I have five general optimization strategy questions...
I have a case where I need to search across multiple fields (about 16 to 32). The fields look as follows:
- Numeric arrays. All corresponding search terms must match. Should I store values as keywords or integers?
- Numeric ranges with preceding attribute IDs. Here, it makes sense to me to make the field name the attribute ID, e.g. "a1:100" where a1 = attribute #1. Corresponding search values must overlap. Is this the best way to do this (i.e. the attribute-value-range setup)?

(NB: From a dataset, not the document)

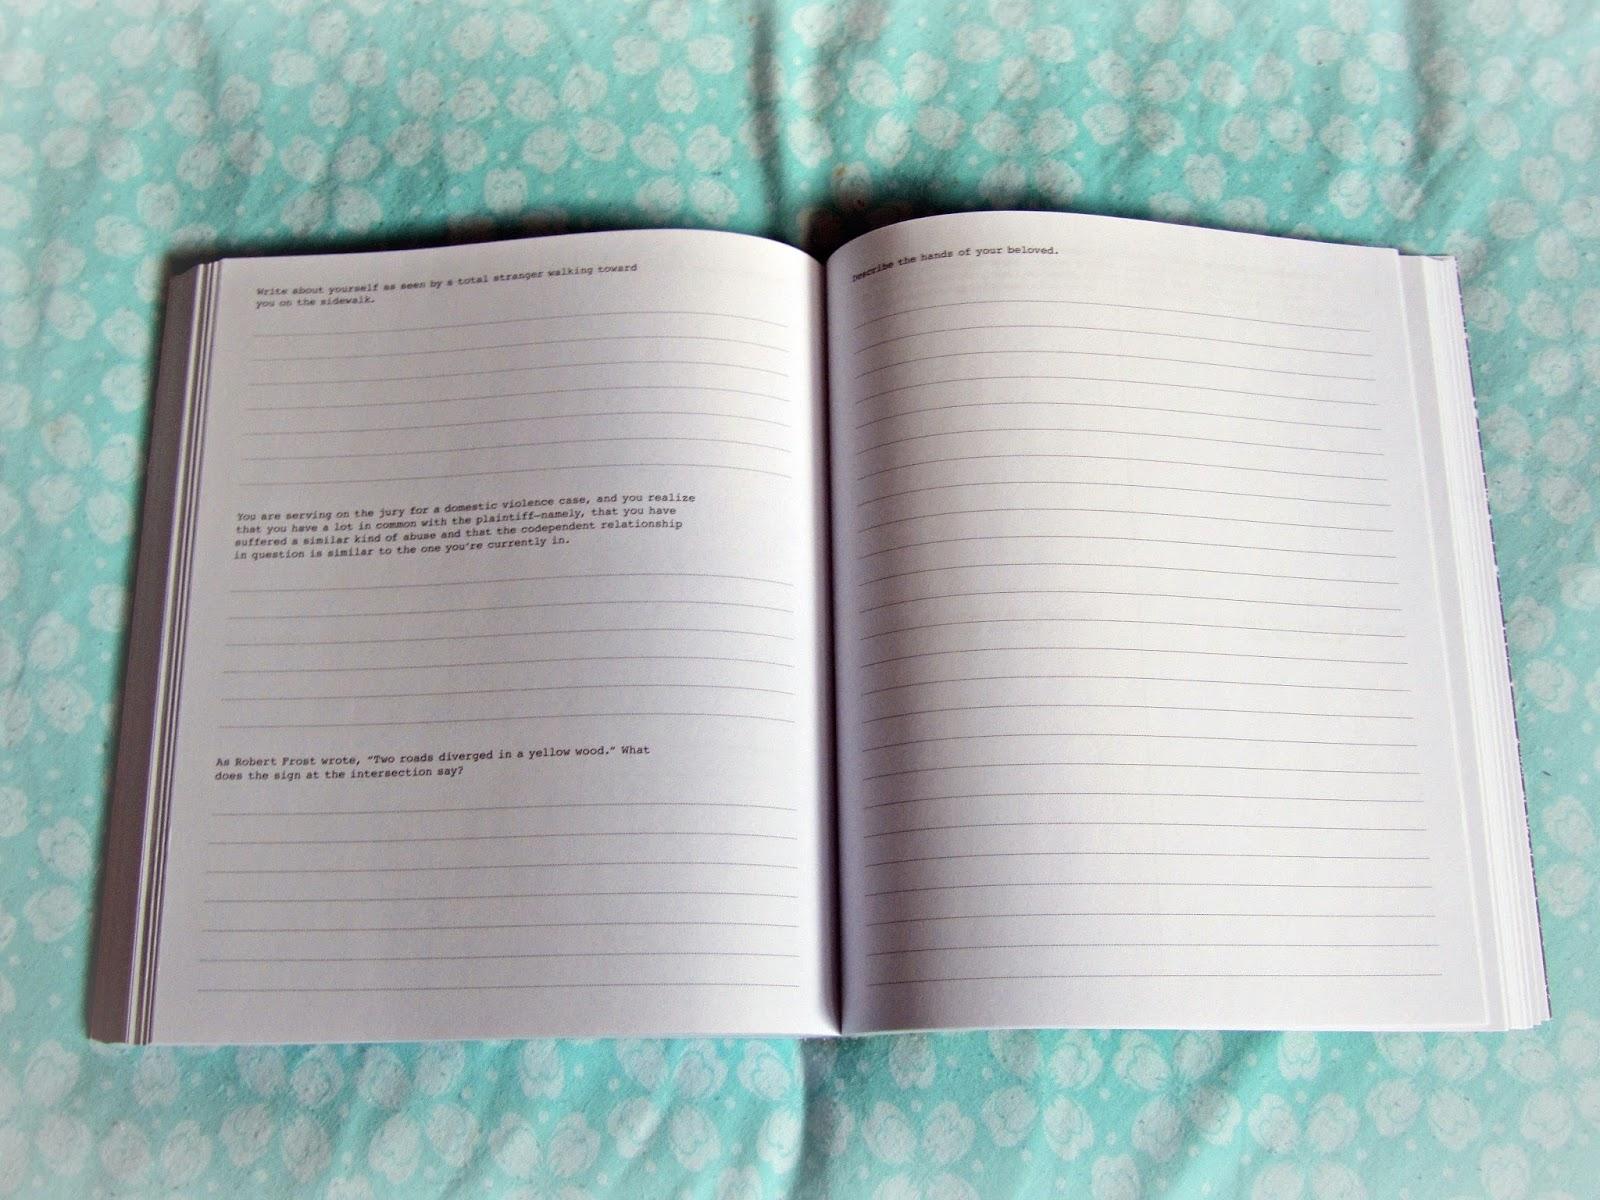 Basic essay outline quick

- Text... nothing special here.
My fourth question is: I could produce a hash of the attribute IDs and store the hash. This would give an extremely high probability that a document with a matching attribute hash contains all the required attributes, leaving this assertion and the values to be verified.
The hash would obviously have excellent cardinality. My question: will this help ES to more rapidly locate matching documents? In other words, are fields with rare values helpful in queries where other field values may be very common?
Remember, in point 2 I'm using the attribute ID as a field name, so the hash might not help. I'd still like to know if value rarity is useful.
Finally, several of the fields will have identical values across potentially millions of documents. Is it better to store these common fields in a separate index and do a manual "join", ie., lookup the "parent" ID where the common fields match and use this ID in the "child"?